**What is needed:**
Lines from the one containing "Why Gut Testing" through the end of the listing are what is wanted, given again exactly with both ends included and pictures left out.

**The data:**
+===+

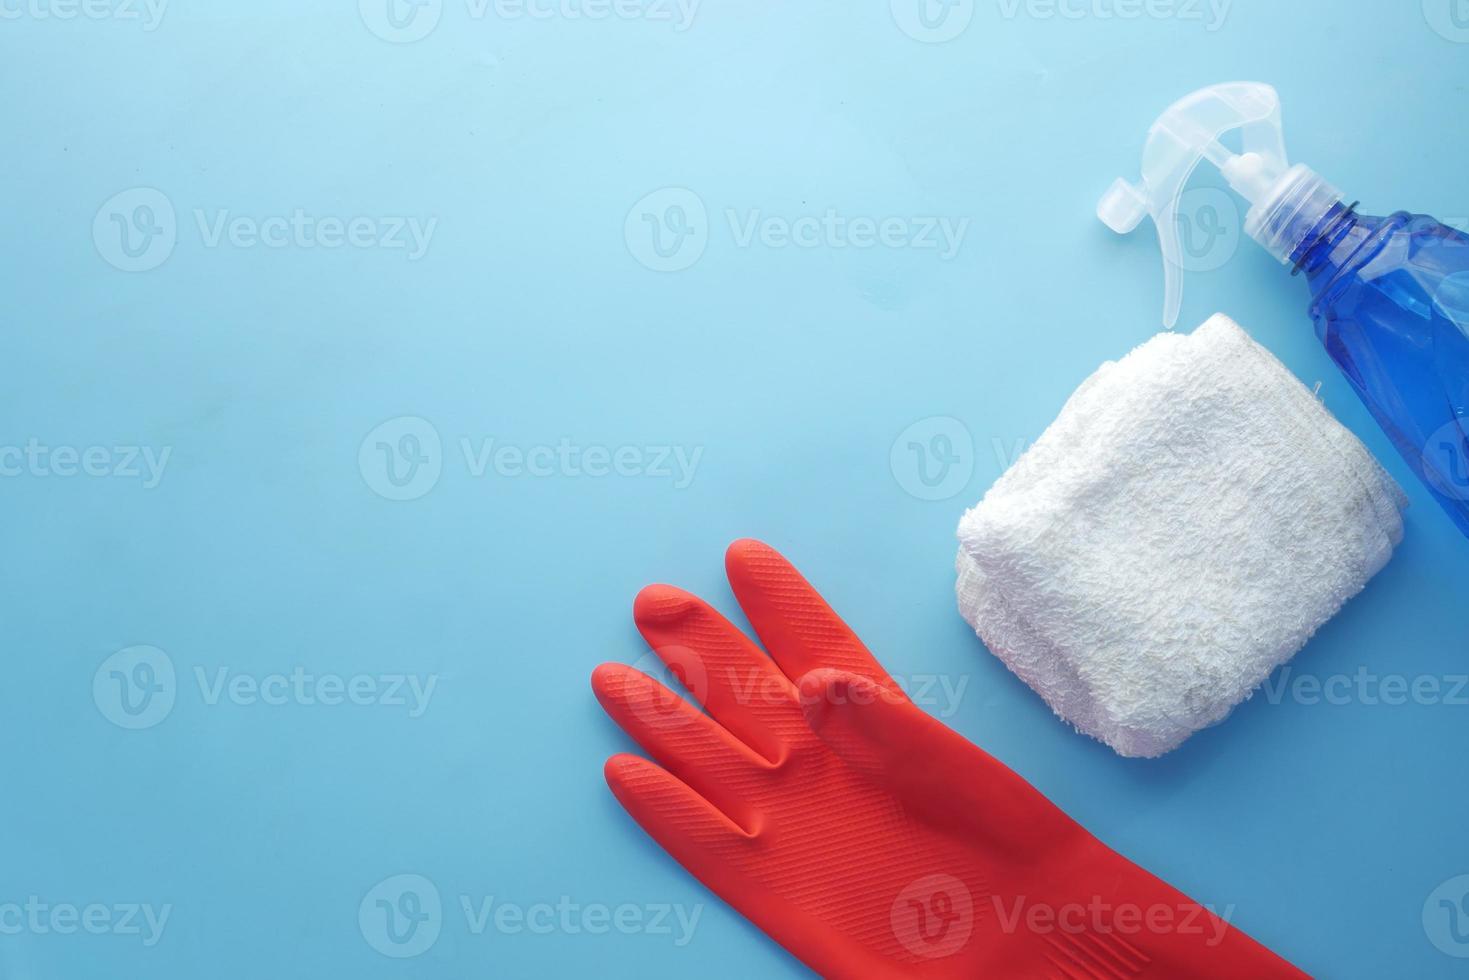 Spray bottle and cleaning cloth on table photo
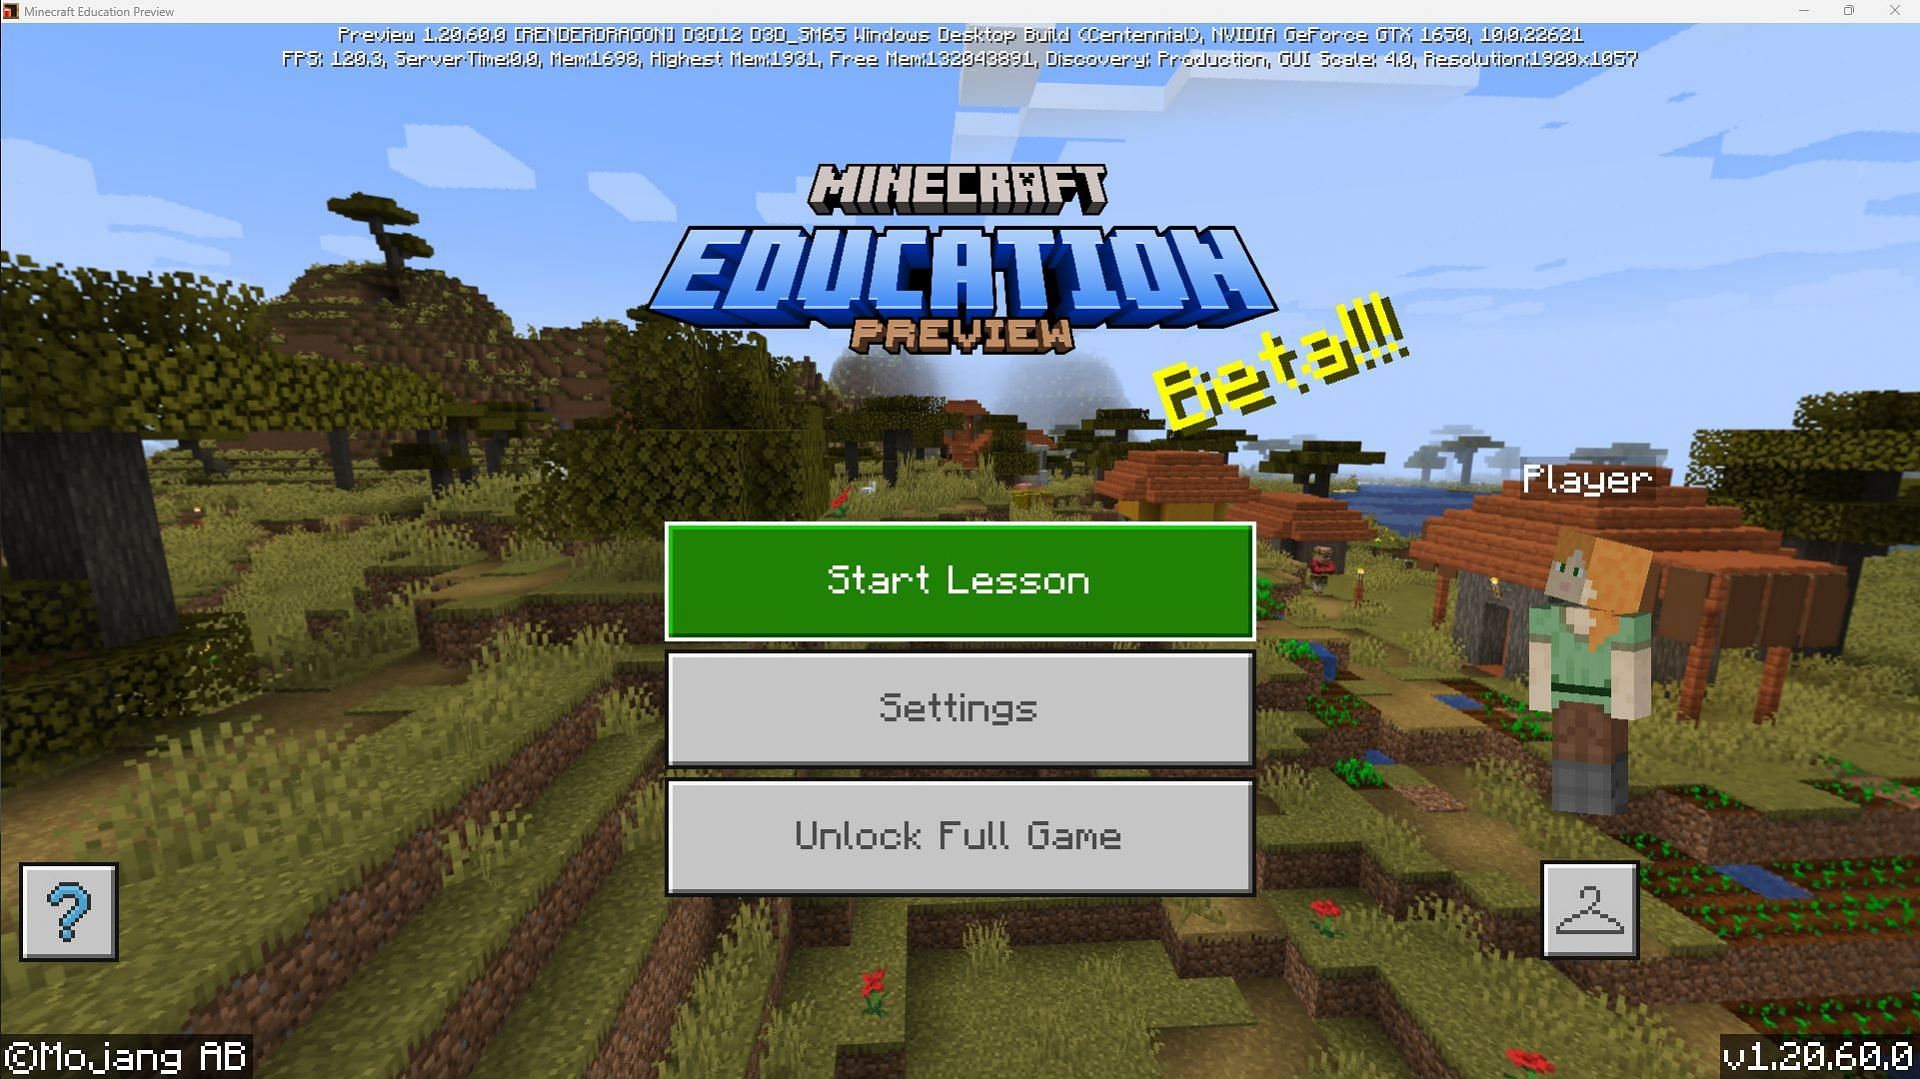 Minecraft Education Preview needs a school or work Microsoft account with an official Education Edition license to run the full game (Image via Mojang)
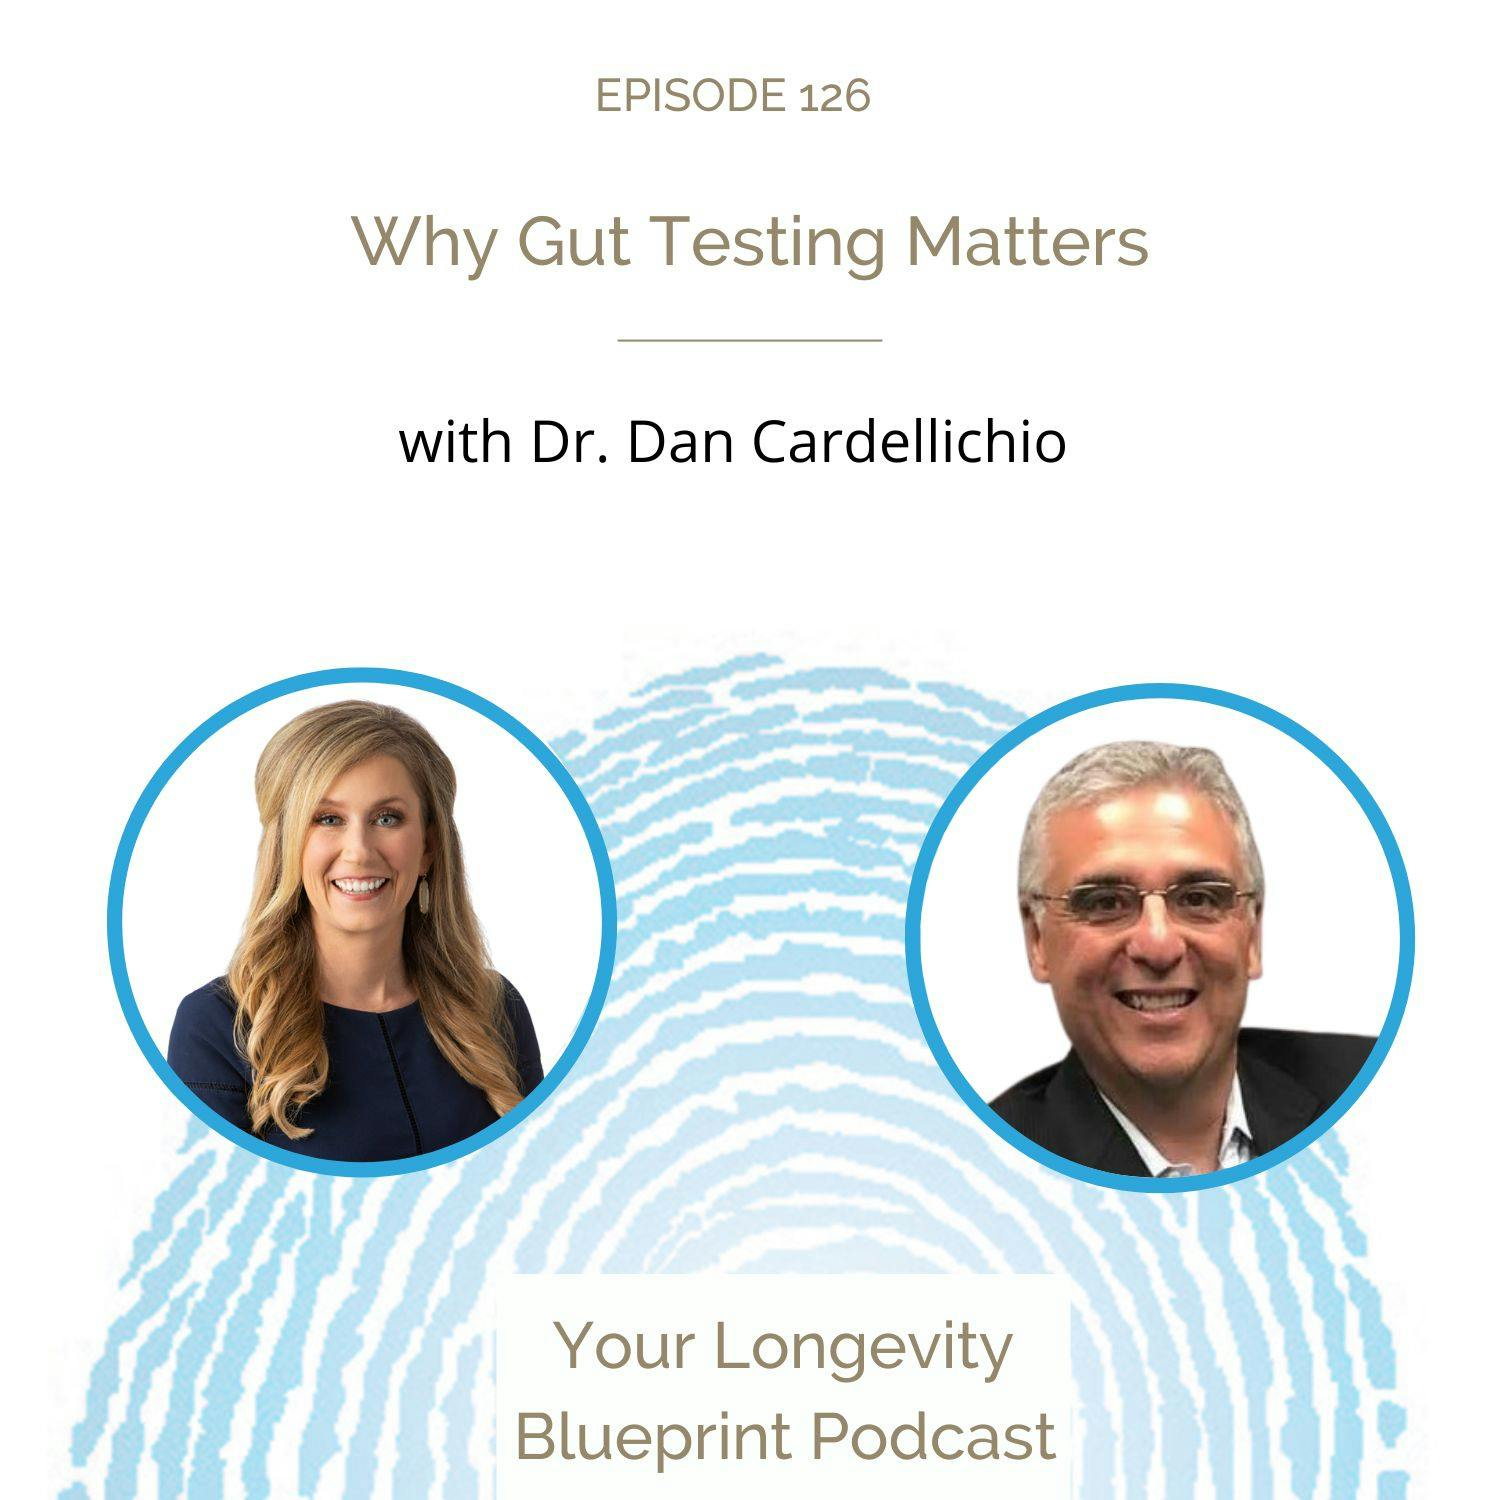 Why Gut Testing Matters with Dr. Dan Cardellichio
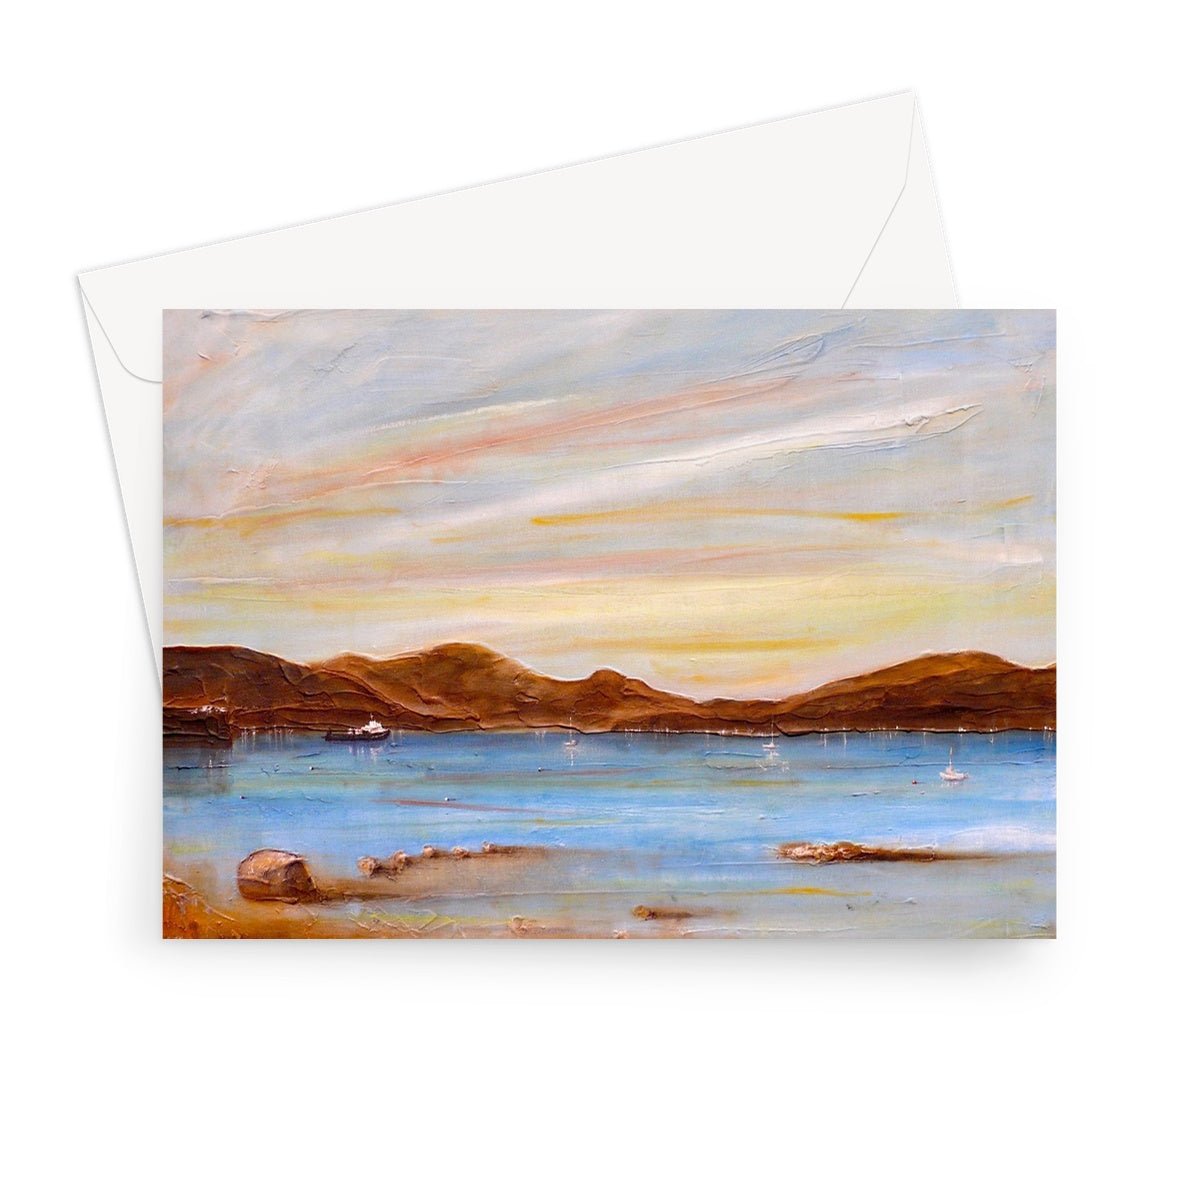 The Last Ferry To Dunoon Art Gifts Greeting Card-Greetings Cards-River Clyde Art Gallery-7"x5"-1 Card-Paintings, Prints, Homeware, Art Gifts From Scotland By Scottish Artist Kevin Hunter

+===+

**Reply:**
 Why Gut Testing Matters with Dr. Dan Cardellichio
 The Last Ferry To Dunoon Art Gifts Greeting Card-Greetings Cards-River Clyde Art Gallery-7"x5"-1 Card-Paintings, Prints, Homeware, Art Gifts From Scotland By Scottish Artist Kevin Hunter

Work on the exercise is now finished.